▶ [WHAT YOU HAVE TO DO]: Give the whole listing below once more, exactly, without pictures.

▶ [GIVEN MATERIAL]:
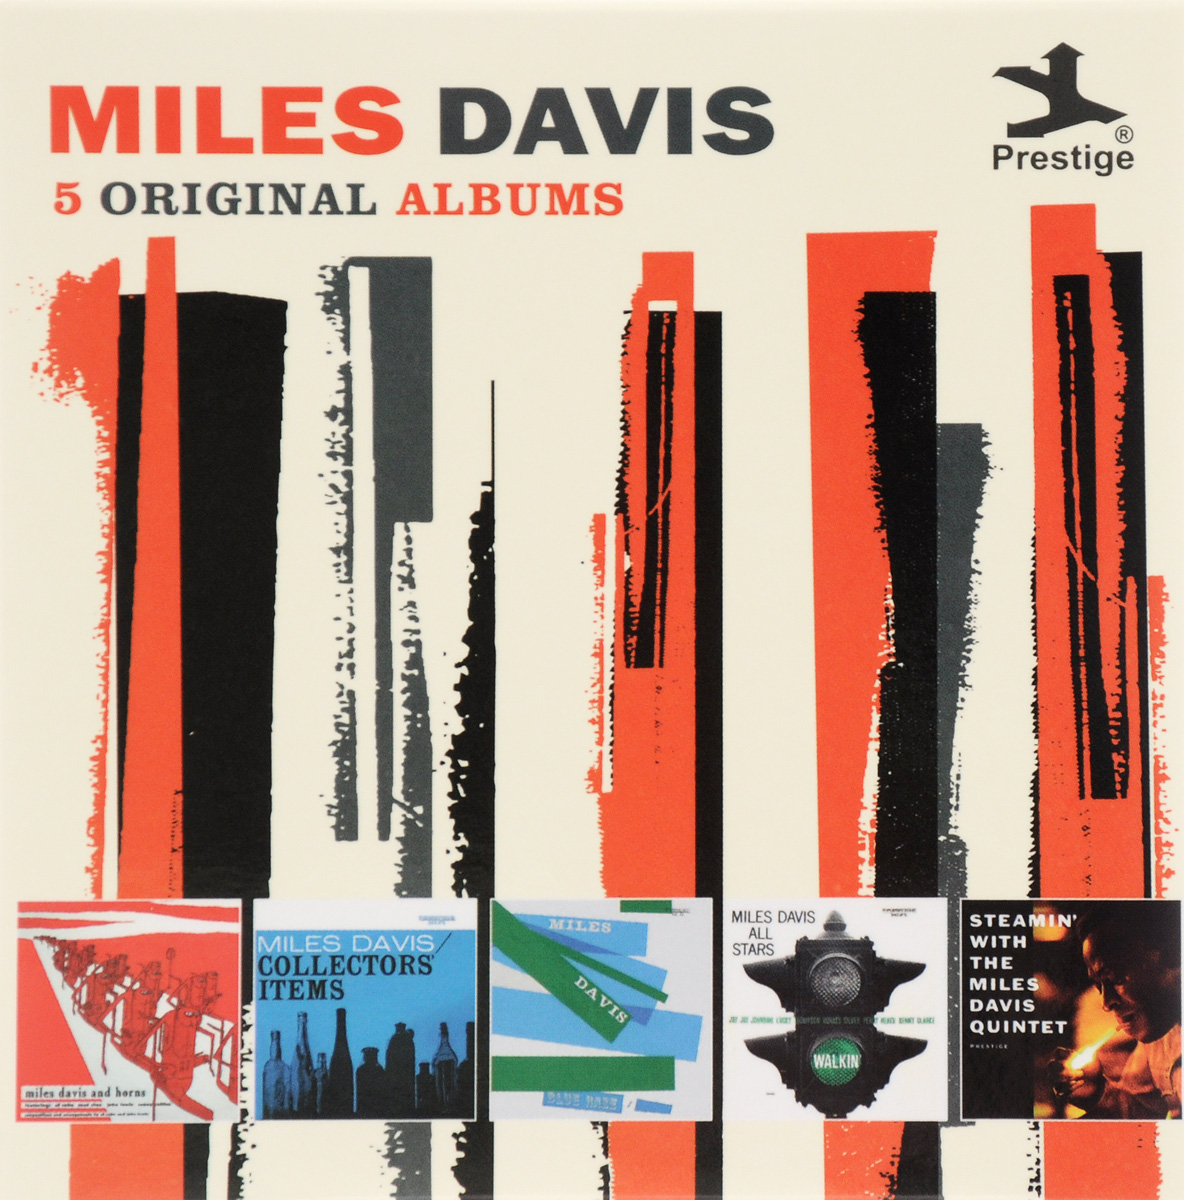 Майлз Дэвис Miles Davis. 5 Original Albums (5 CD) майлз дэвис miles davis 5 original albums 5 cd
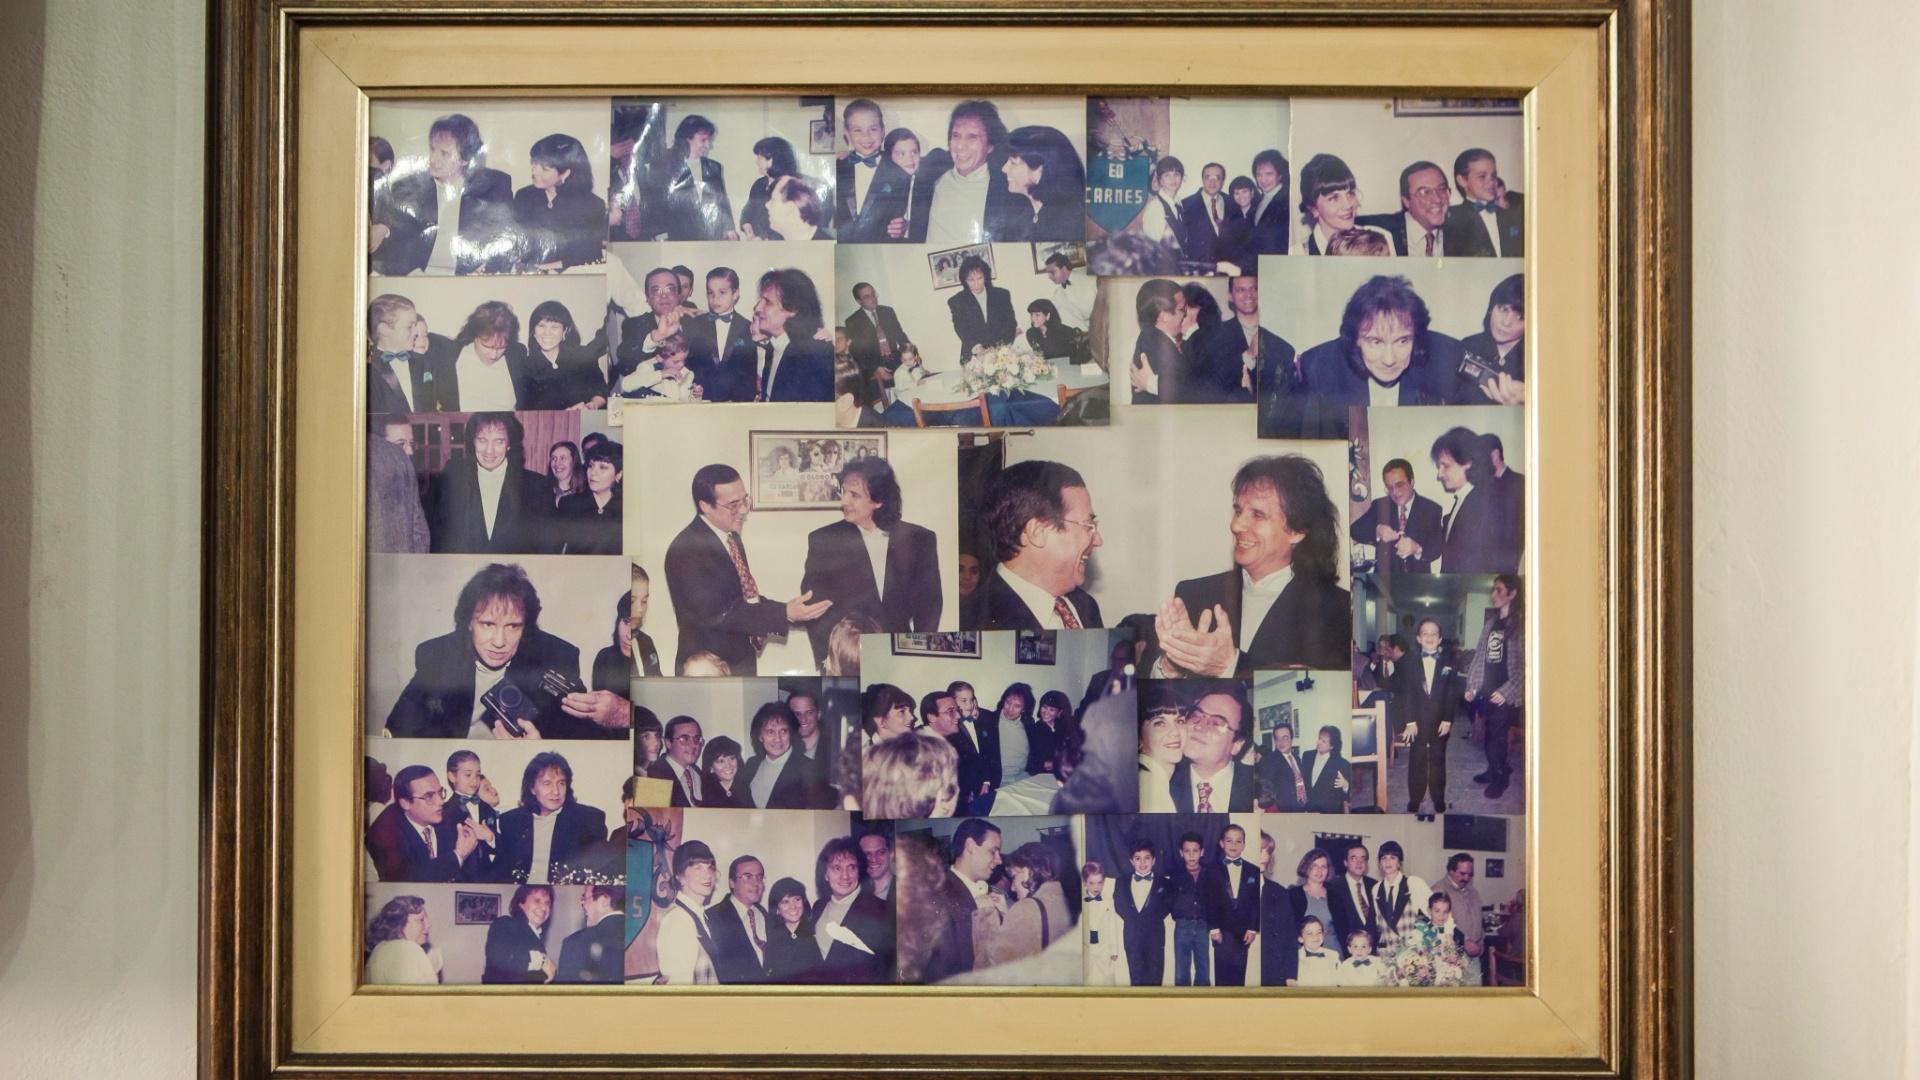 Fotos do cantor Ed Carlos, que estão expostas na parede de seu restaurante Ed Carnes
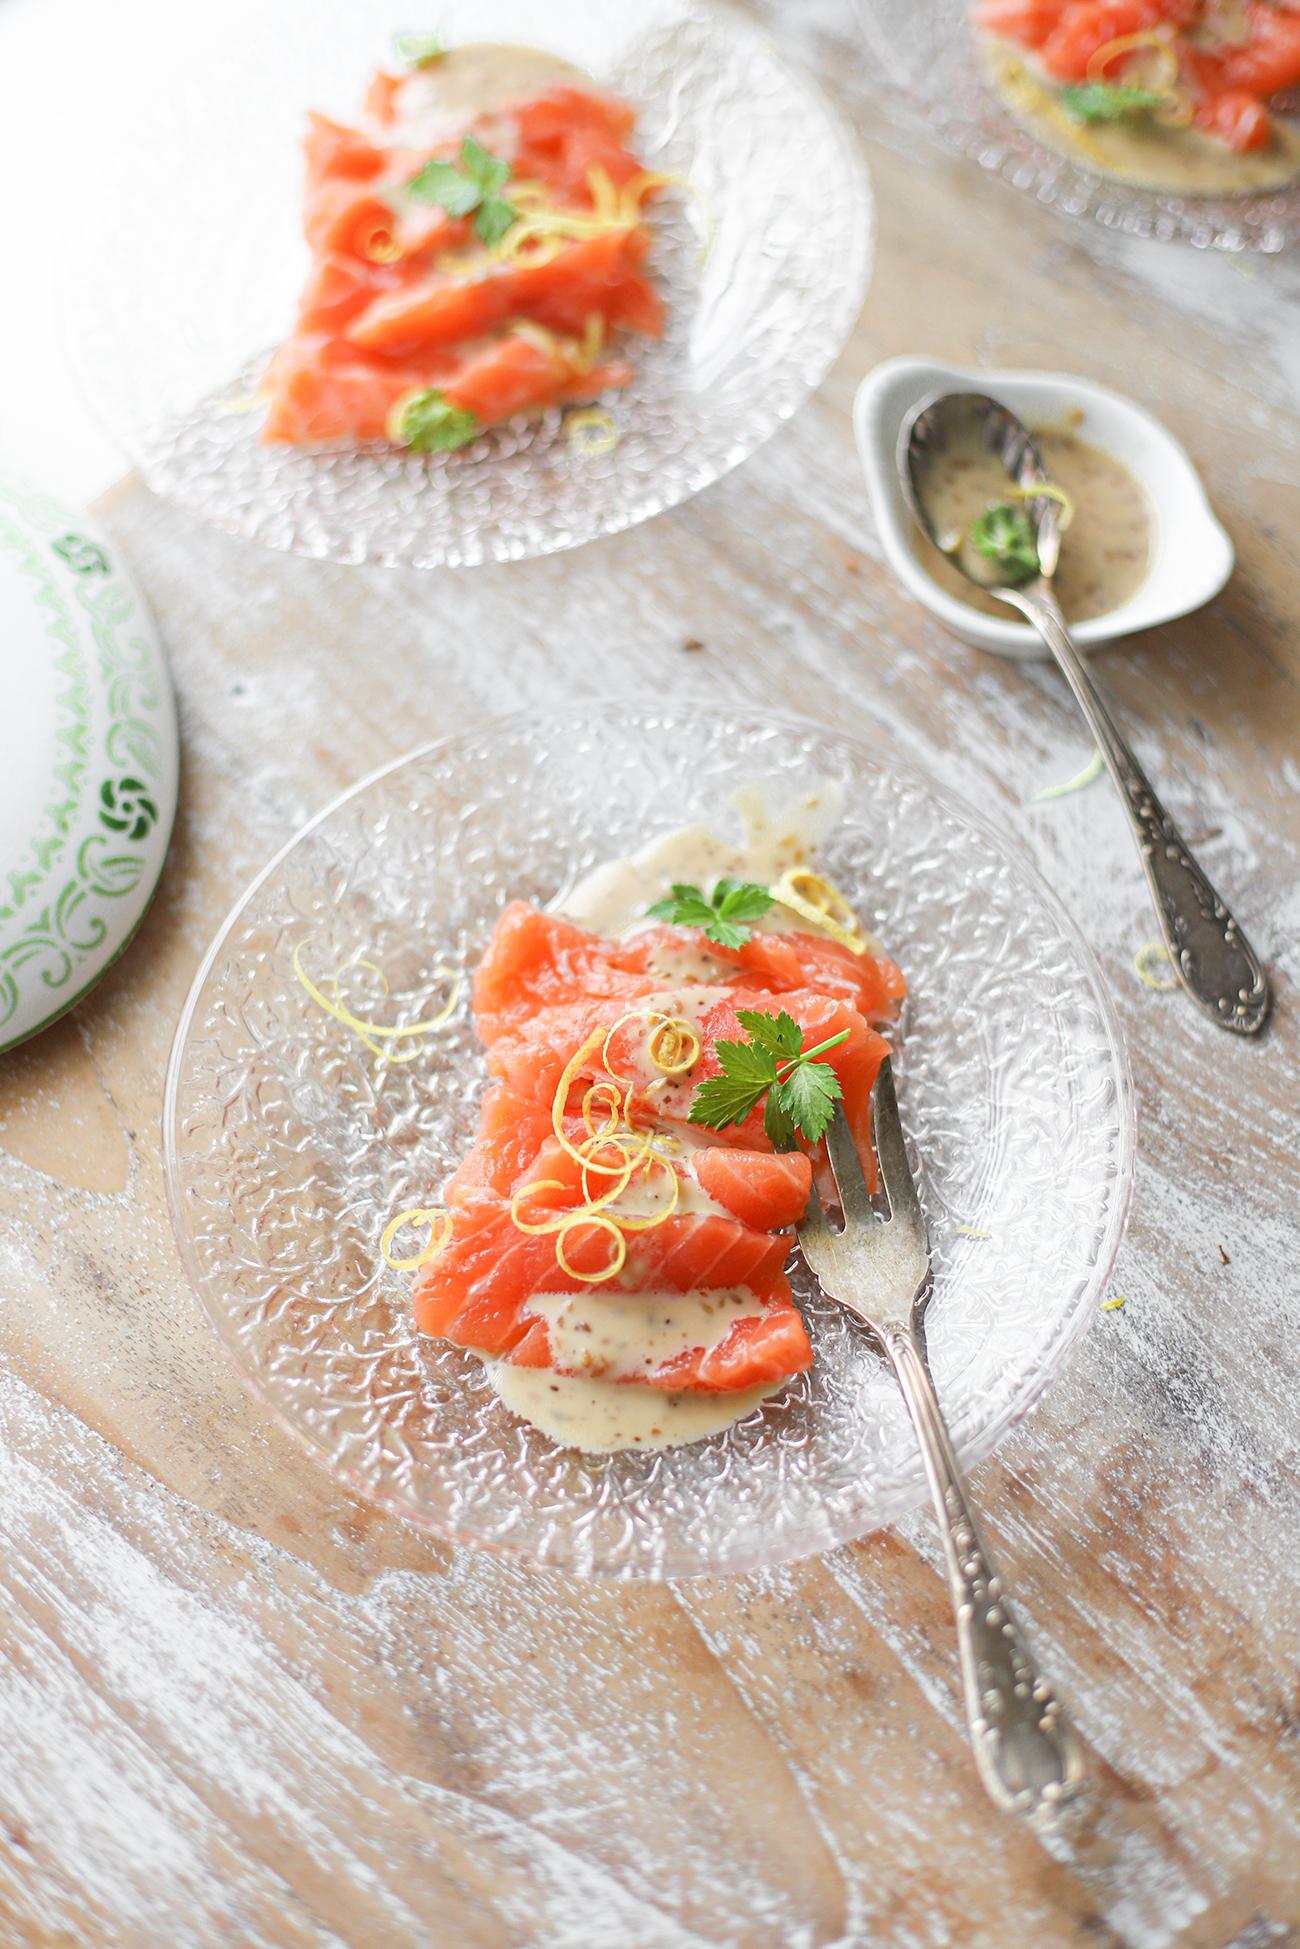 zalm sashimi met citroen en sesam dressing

▶ [RESPONSE TO THE EXERCISE]:
 Майлз Дэвис Miles Davis. 5 Original Albums (5 CD) майлз дэвис miles davis 5 original albums 5 cd
 Fotos do cantor Ed Carlos, que estão expostas na parede de seu restaurante Ed Carnes
 zalm sashimi met citroen en sesam dressing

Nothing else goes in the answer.